Yes, friends, Ariana Grande is about to be a Final Fantasy character. The pop singer says of her in-game counterpart: "it's the cutest thing i've ever seen in my entire life and i'm so excited and in love with it i cannot contain myself." Why Ariana and not, say, Florence (of "+ the Machine" fame) who actually had a song in FF15? I don't know. Are we just taking requests for celebrity appearances? Can I get Jack White in the next Dragon Quest?

WE LIVE IN A BEAUTIFUL WORLD WHERE OBSCURE, 26-YEAR-OLD JAPANESE PC GAMES ARE STILL BEING TRANSLATED

You may—emphasis on uncertainty there—have heard of a Super NES game called E.V.O.: Search for Eden. It was an action game where you controlled a creature of your own design through various stages of evolution, sort of like the early bits of Spore. It's something of a cult classic, and the original cartridge goes for hundreds of dollars on eBay these days. What you might not have known is that the SNES game was actually a loose port of a PC-9800 game that never got an English release. Until now!

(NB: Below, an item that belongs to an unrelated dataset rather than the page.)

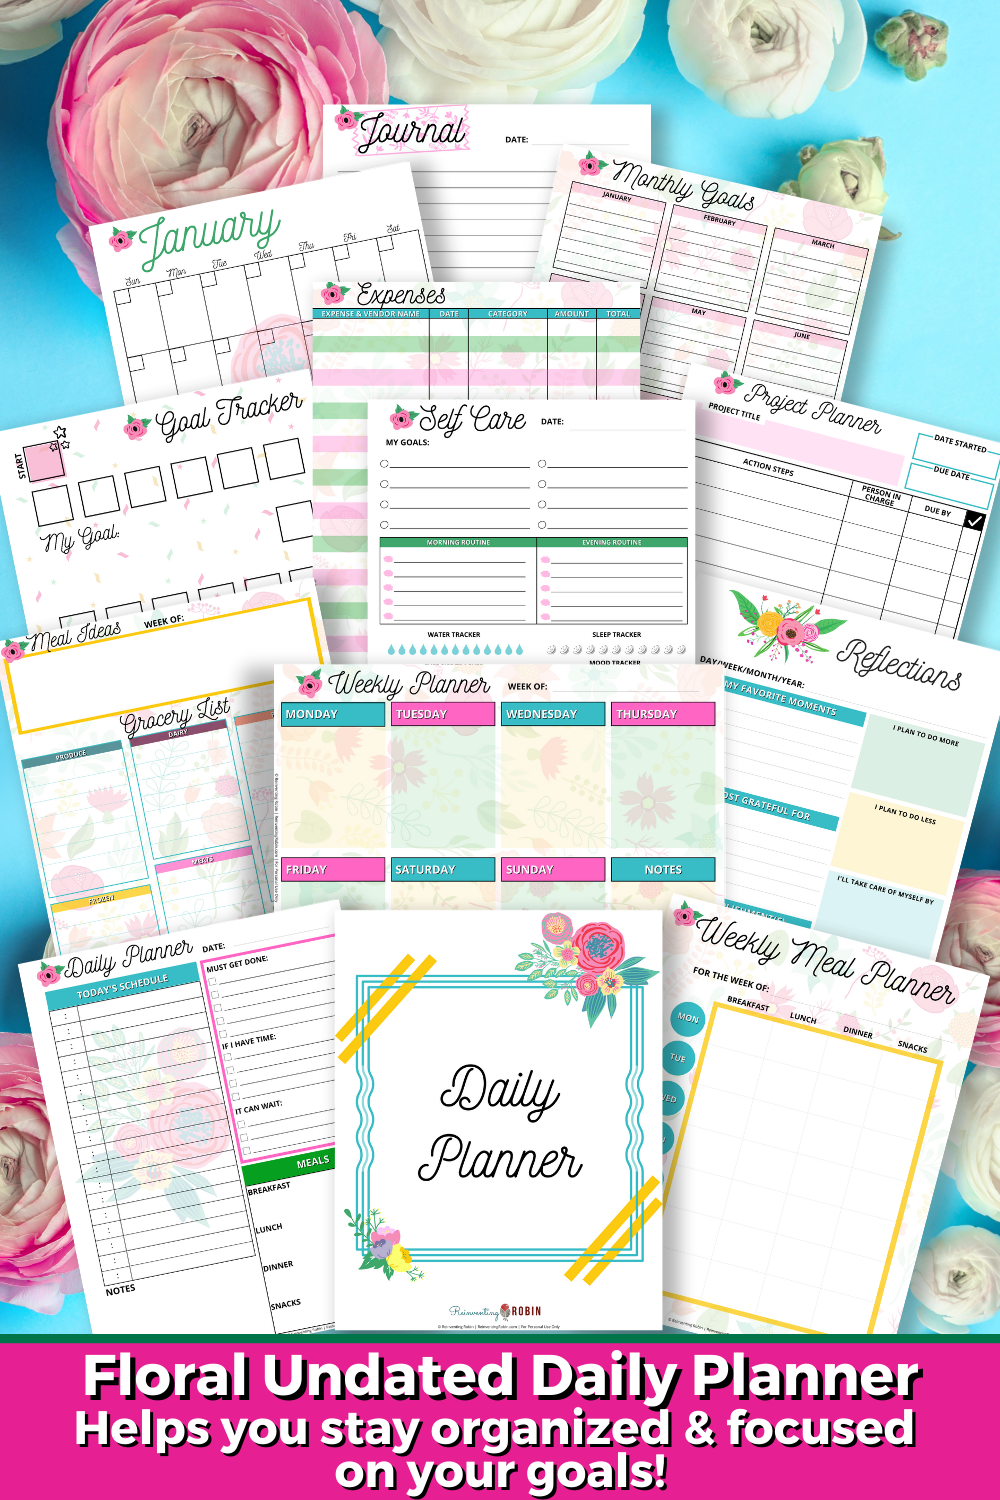 Picture of some of the pages of the Floral Undated Daily Planner. Also states Helps you stay organized & focused on your goals!

E.V.O.: The Theory of Evolution is the translated title, and it's actually a significantly different game than what we saw on SNES, with traditional, turn-based RPG battles rather than the side-scrolling action of the later release. The Enix-published game is likely in the legal hands of Square these days, and I wouldn't hold my breath for any official return. Mostly, I'm just delighted that fans are keeping games like this alive and in front of as wide an audience as possible.

NEXT WEEK'S RELEASES

HATSUNE MIKU PROJECT DIVA FUTURE TONE
Developer: Sega
Publisher: Sega
Platform: PlayStation 4
Release Date: January 10
MSRP: $29.99 / $53.99

Finally, there are video games again! Miku kicks off 2017 with what's essentially a greatest hits package in a two part collection. The first piece is Future Sound, which collects songs from Project Diva editions 1, 2, extend, F, and F 2nd. The second part, Colorful Tone, pulls in tracks from Project Diva Arcade and Project Mirai DX. You can buy either part individually or get a slightly discounted rate for the pair. The full package features a total of over 200 songs.

ALSO AVAILABLE:
Criminal Girls: Invite Only hits Steam on the 11th, if you need to discipline some naughty, naughty delinquents on your home computer. (Hey, no judgement here.) All indications suggest that this edition remains censored, so steer clear if that matters to you.